Privilege Escalation
The process of gaining higher-level system access than initially obtained. Enables broader compromise and deeper system access.
Zero-Day
Previously unknown vulnerabilities that lack available patches or signatures. Particularly effective against traditional detection methods.
Community Terms
Badge System
Recognition framework for cybersecurity domain mastery. Includes Network Security, Endpoint Security, Data Protection, and other specialized areas.
Community Champion
Recognition for outstanding community building and engagement efforts. Includes leadership in community governance and development.
Discoverer Status
Recognition for first teams to document new Malmon variants or innovative response techniques. Includes naming rights and special community recognition.
Elite Four
Advanced specialization tracks including APT Specialist, Global Incident Commander, and Security Researcher. Represents master-level cybersecurity expertise.
Innovation Recognition
Community acknowledgment for developing novel response techniques or coordination approaches. Includes attribution and presentation opportunities.
Master Trainer
Highest level of facilitator certification. Includes training other facilitators, developing curricula, and leading community initiatives.
Scenario Architect
Recognition for developing high-quality training scenarios and learning experiences. Includes content contribution and educational excellence.
Technical Terms
MITRE ATT&CK
Framework for describing adversary tactics, techniques, and procedures. Provides structured approach to understanding threat behavior and developing defenses.
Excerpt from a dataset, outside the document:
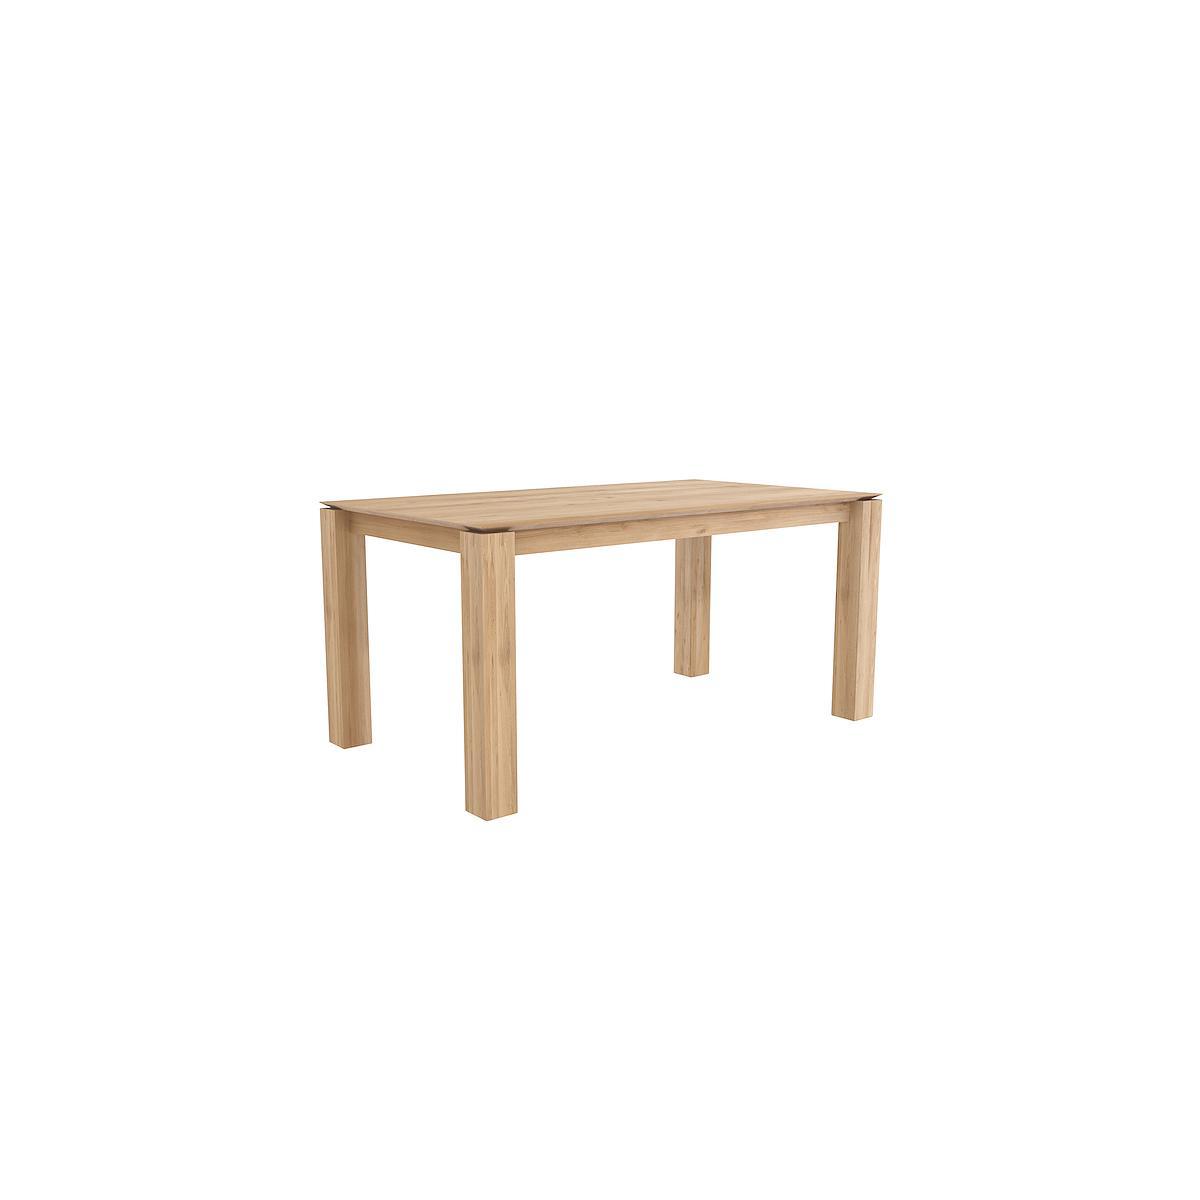 SLICE by  Ethnicraft Table chêne 90x160 cm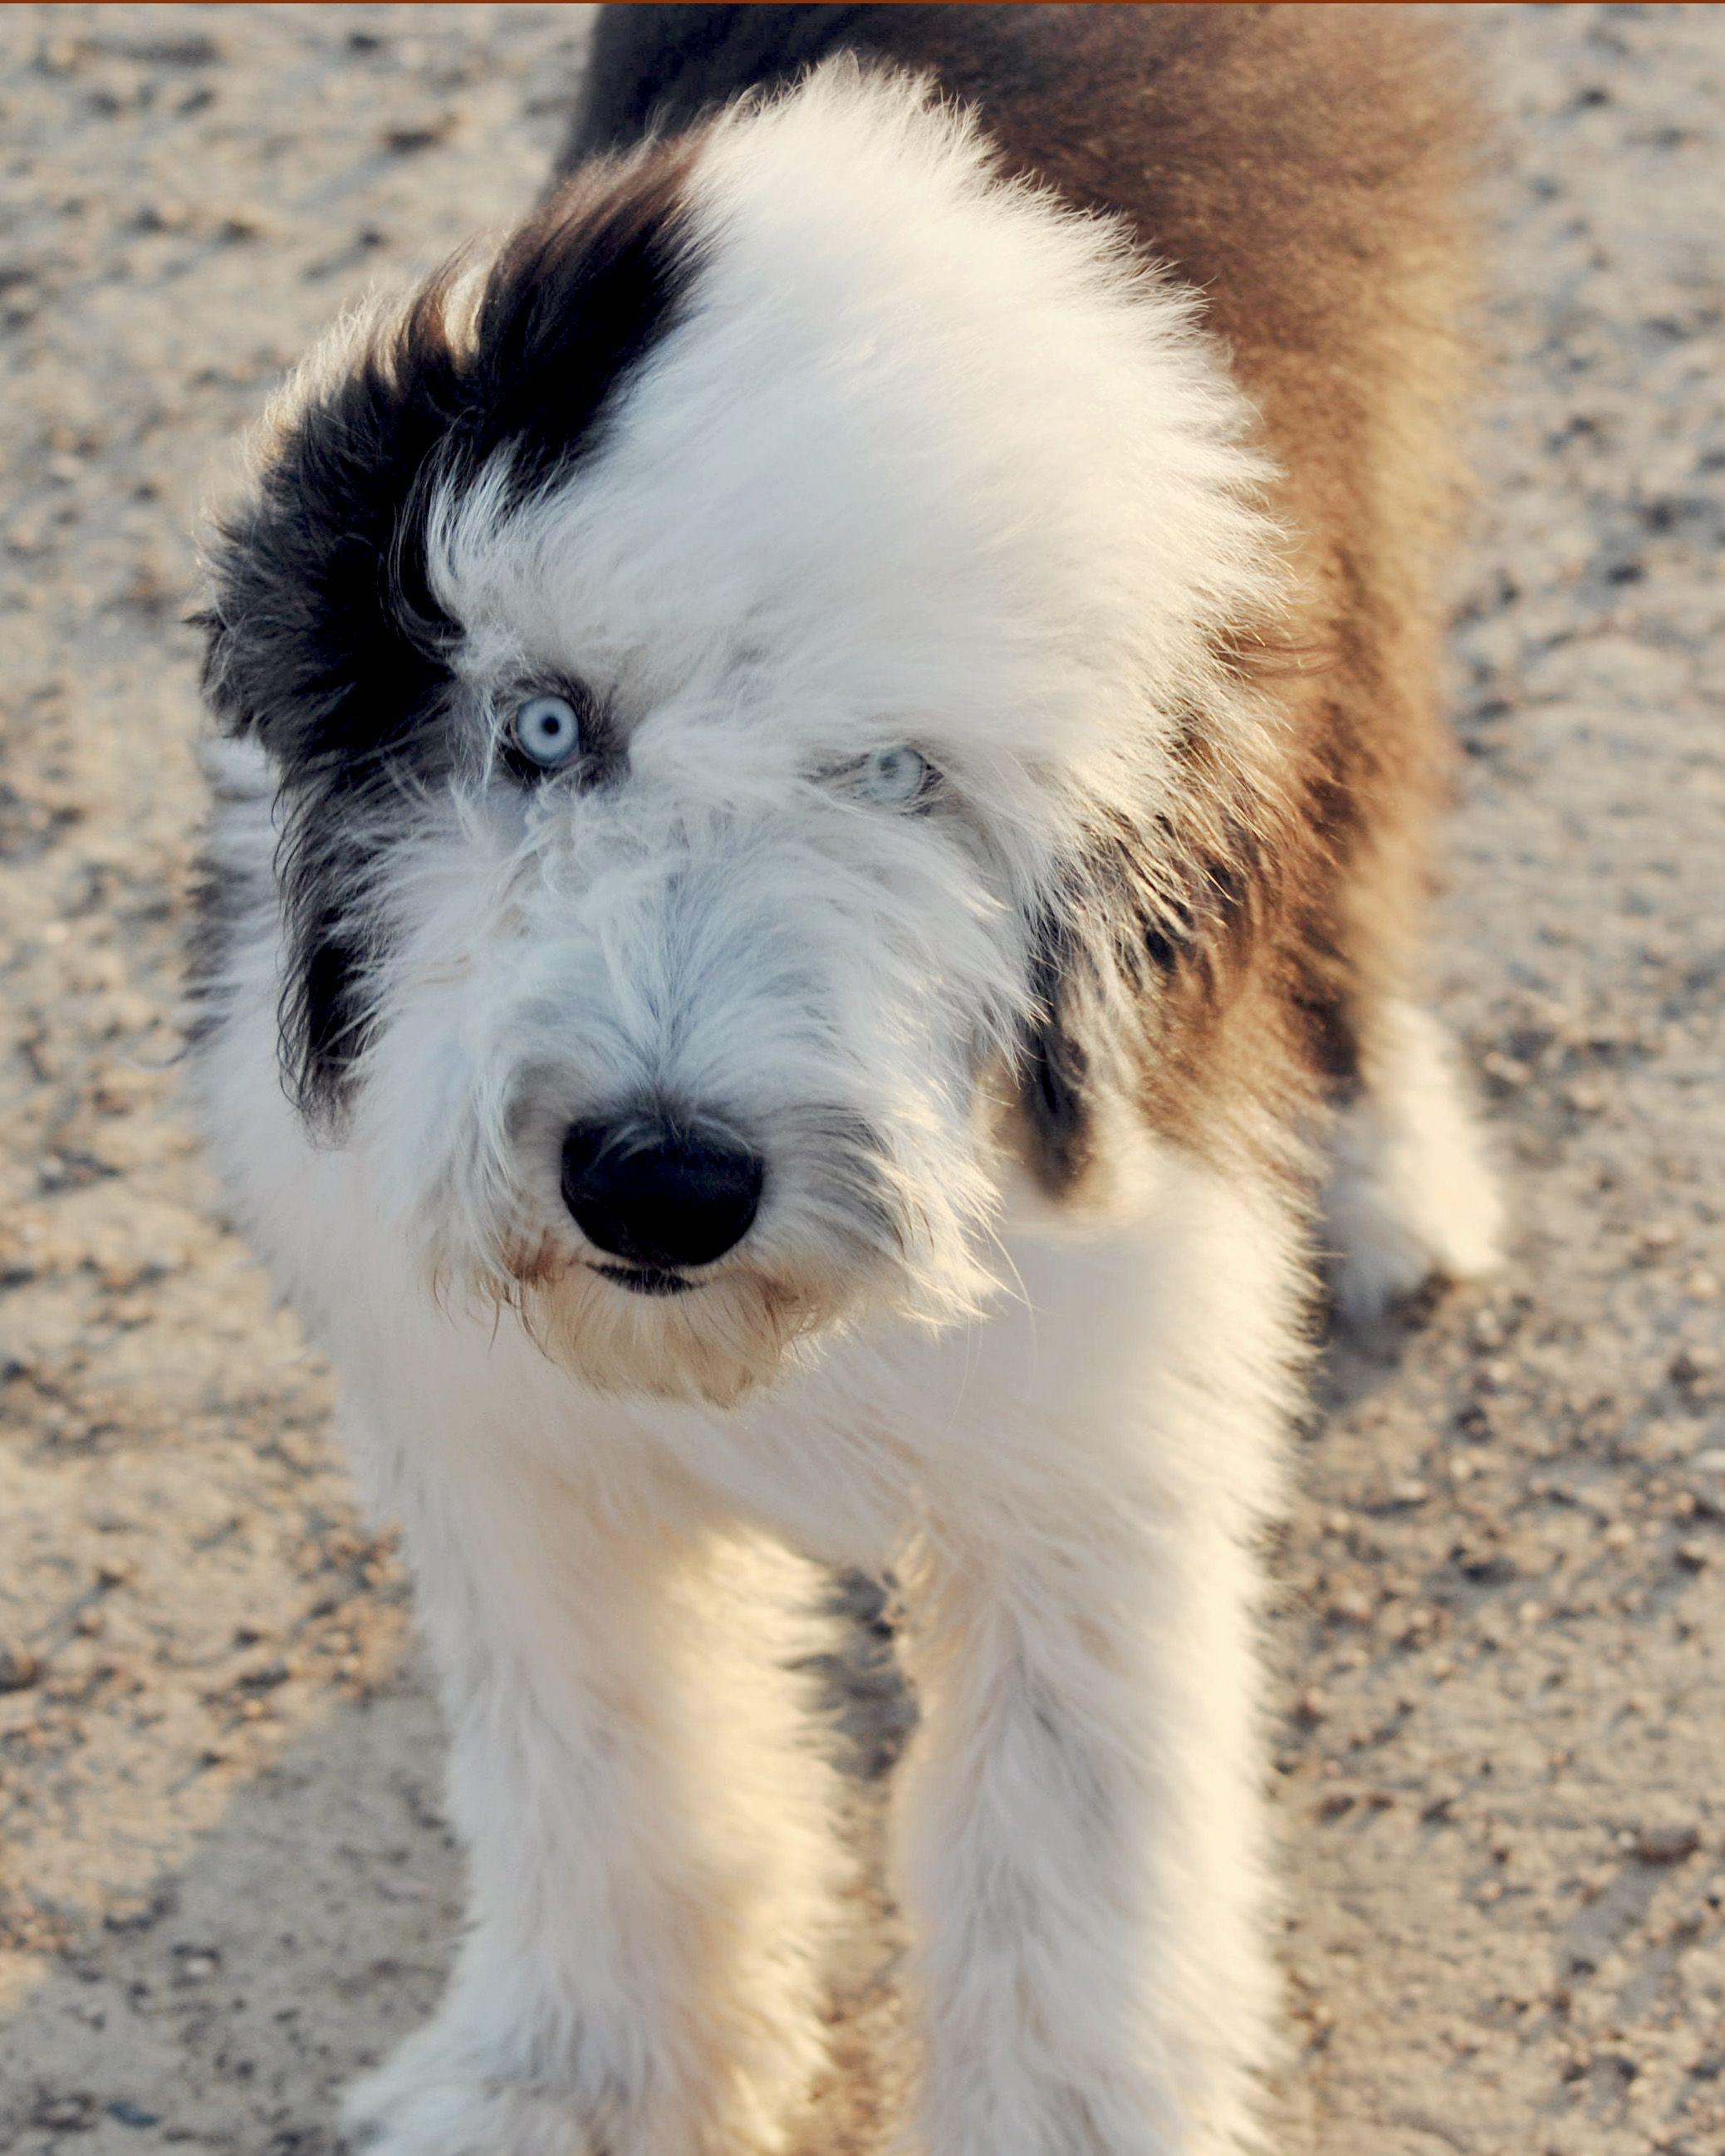 Crazy Eyed Chai Old English Sheepdog Old English Sheepdog Puppy English Sheepdog Old English Sheepdog

Security Operations Center (SOC)
Centralized function for monitoring, detecting, and responding to cybersecurity threats. Includes people, processes, and technology for 24/7 security oversight.
Threat Intelligence
Actionable information about current and emerging security threats. Includes indicators, tactics, techniques, and strategic context for defensive planning.
Incident Response
Structured approach to managing cybersecurity incidents. Includes preparation, identification, containment, eradication, recovery, and lessons learned.
Vulnerability Management
Process of identifying, assessing, and addressing security weaknesses in systems and applications. Critical for reducing attack surface.
Risk Assessment
Evaluation of potential cybersecurity threats and their likely impact on organizational objectives. Includes likelihood, impact, and mitigation strategies.
Business Continuity
Planning and preparation for maintaining critical operations during and after cybersecurity incidents. Includes backup systems, alternate processes, and recovery procedures.
Compliance
Adherence to regulatory and legal requirements related to cybersecurity and data protection. Includes frameworks like GDPR, HIPAA, and SOX.
Learning and Development
Continuing Professional Education (CPE)
Ongoing learning requirements for maintaining cybersecurity certifications. Many programs recognize collaborative learning experiences.
Cross-Training
Learning about cybersecurity roles and responsibilities outside your primary specialization. Improves team coordination and career flexibility.
Mentorship
Relationship between experienced and developing cybersecurity professionals. Critical for career development and knowledge transfer.
Professional Development
Structured approach to building cybersecurity knowledge, skills, and capabilities. Includes formal education, certification, and practical experience.
Skill Assessment
Evaluation of cybersecurity competencies and capabilities. Used for identifying development needs and tracking progress.
Community of Practice
Group of cybersecurity professionals who share knowledge, experiences, and best practices. Essential for ongoing learning and professional development.